Na falta de normas de direito interlocal, recorre-se ao direito internacional privado do mesmo
Estado; e, se este não bastar, considera-se como lei pessoal do interessado a lei da sua
residência habitual. 3. Se a legislação competente constituir uma ordem jurídica
territorialmente unitária, mas nela vigorarem diversos sistemas de normas para diferentes
categorias de pessoas, observar-se-á sempre o estabelecido nessa legislação quanto ao conflito
de sistemas.

Remissão para Ordenamentos jurídicos plurilegislativos nos Regulamentos da EU

1. Sempre que um Estado englobe várias unidades territoriais, tendo cada uma normas de
direito próprias em matéria de obrigações extracontratuais, cada unidade territorial é
considerada um país para fins de determinação da lei aplicável por força do presente
regulamento. 2. Um Estado-Membro em que diferentes unidades territoriais tenham normas
de direito próprias em matéria de obrigações extracontratuais não é obrigado a aplicar o
presente regulamento aos conflitos de leis que respeitem exclusivamente a essas unidades
territoriais.

14. A fraude à lei em Direito Internacional Privado

Para o Direito Internacional Privado a fraude à lei é quando os interessados no instituto


escapam à aplicação de um preceito material de certa legislação “criam” um elemento de
conexão que tornará aplicável uma outra ordem jurídica mais favorável aos seus intentos, há
assim uma norma instrumental de fraude.

A fraude à lei traduz-se em defraudar o imperativo de uma norma material de certo


ordenamento jurídico através da utilização como instrumento de uma norma de conflitos, ou
seja, fraude à lei em Direito Internacional Privado, não é fraude de uma norma, a norma é
apenas um mecanismo de fraude.
As conexões das normas de conflitos são facilmente deslocáveis, logo as partes podem
aproveitar estas normas de conflito de maneira a obterem soluções mais vantajosas.

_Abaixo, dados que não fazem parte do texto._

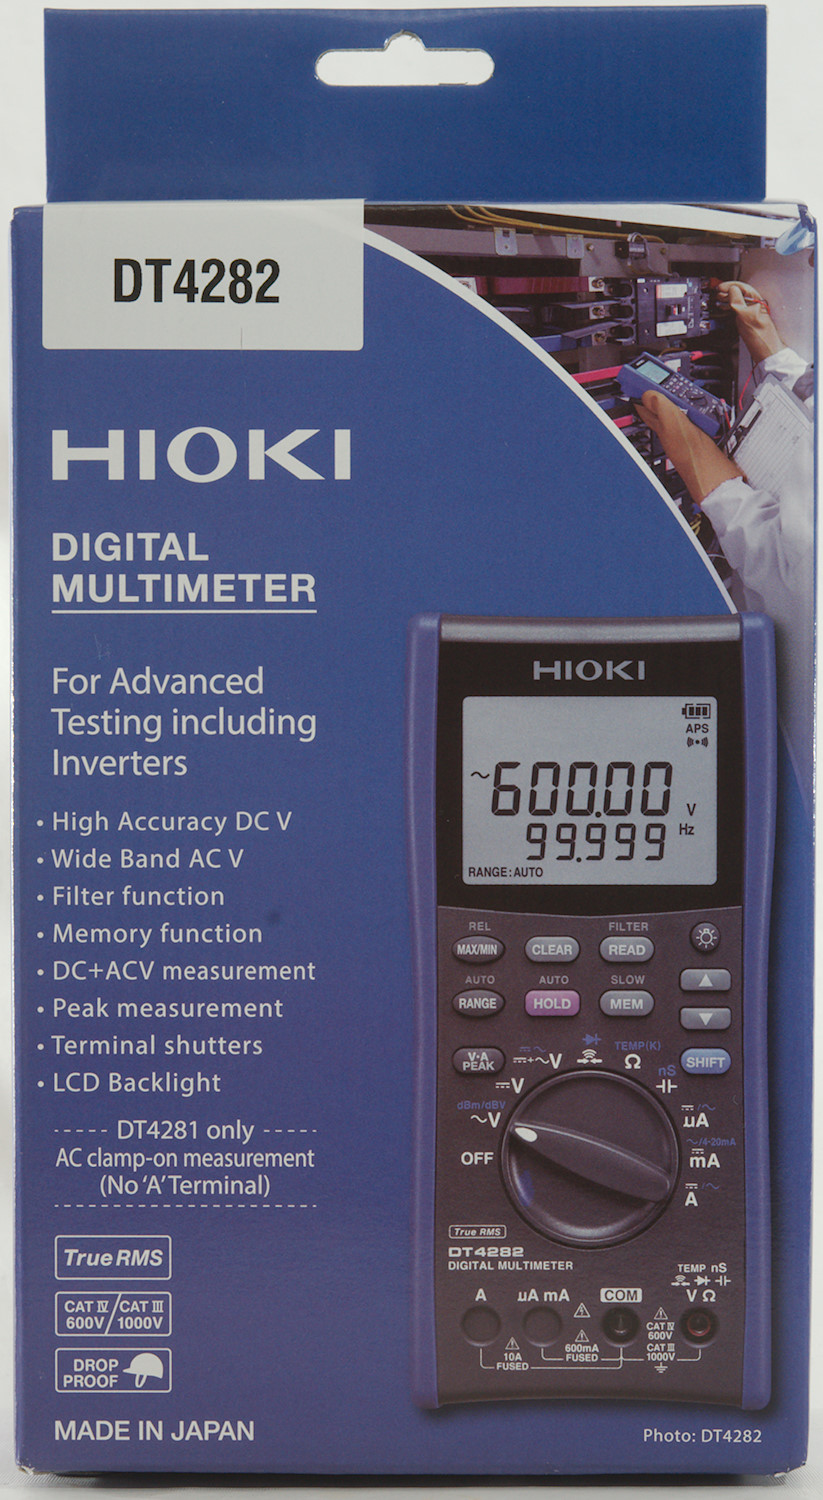 DSC 8111a - Thiết bị đo điện đa năng Hioki DT4282

 Procedimento pelo qual o particular utiliza um tipo legal em vez de outro a fim de
provocar a consequência jurídica pretendida;

 A pessoa manipula um tipo legal com vista a obter uma consequência jurídica.

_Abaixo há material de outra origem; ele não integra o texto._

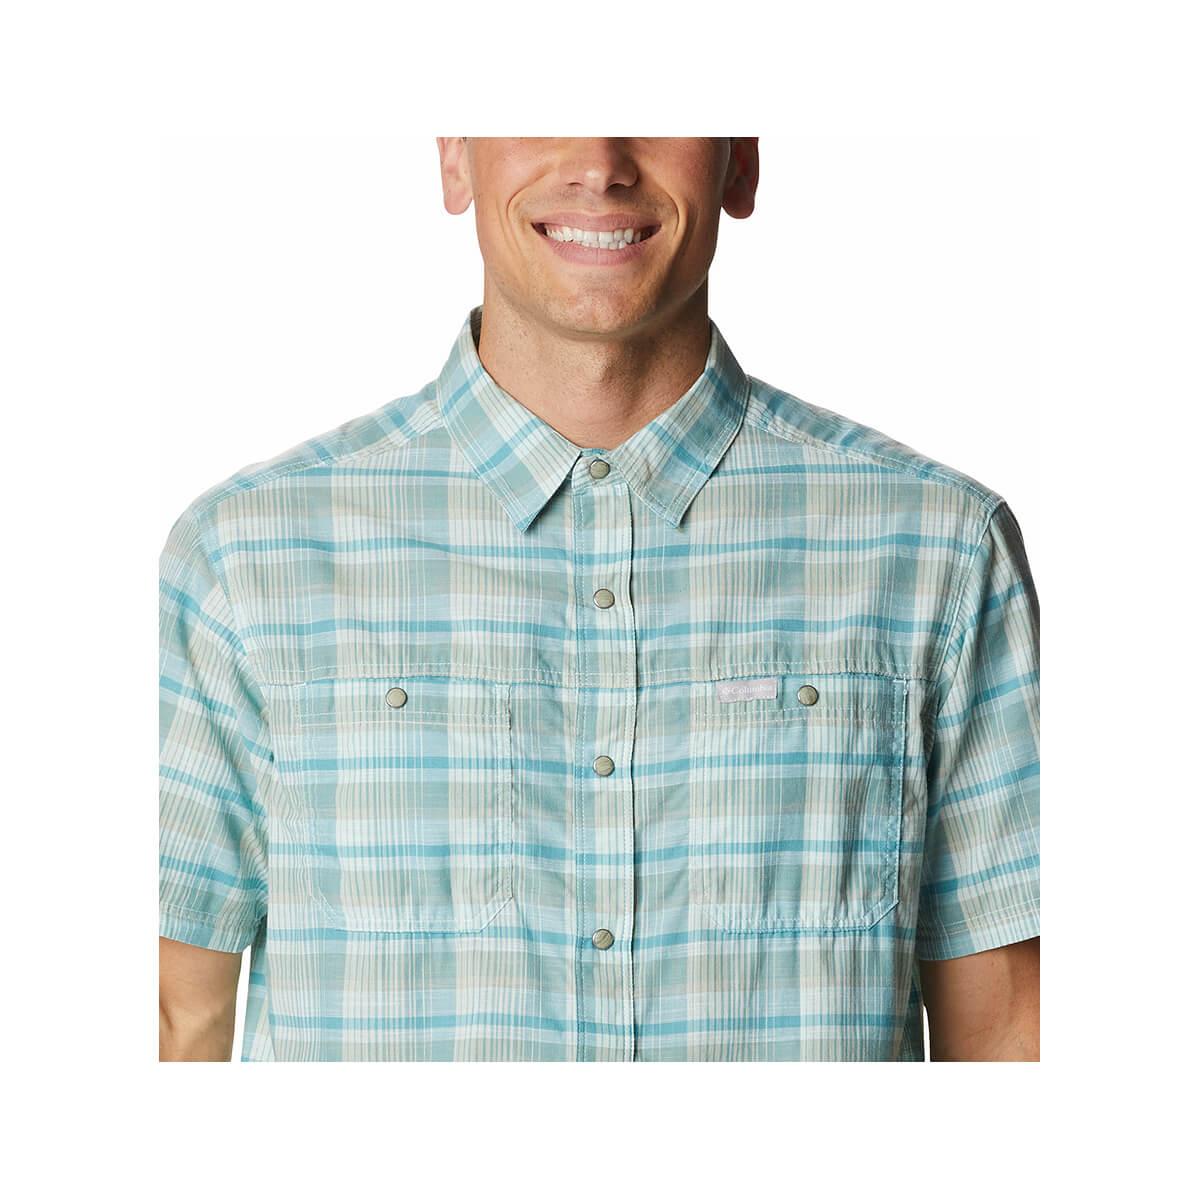  Men's Leadville Ridge Ii Short Sleeve Button Up Shirt

No Direito Internacional Privado há situações que são consideradas de fraude à lei, surgindo
quando os interessados no intuito de escapar à aplicação de um preceito material de certa
legislação “criam um elemento de conexão que tornará aplicável na outra ordem jurídica mais
favorável aos seus intentos”. Norma meramente instrumental de fraude à lei:

Ex.: A, português, naturaliza-se britânico com vista a privar da legitima seu filho.

A ordem jurídica inglesa é a norma instrumental com vista a obter um determinado resultado.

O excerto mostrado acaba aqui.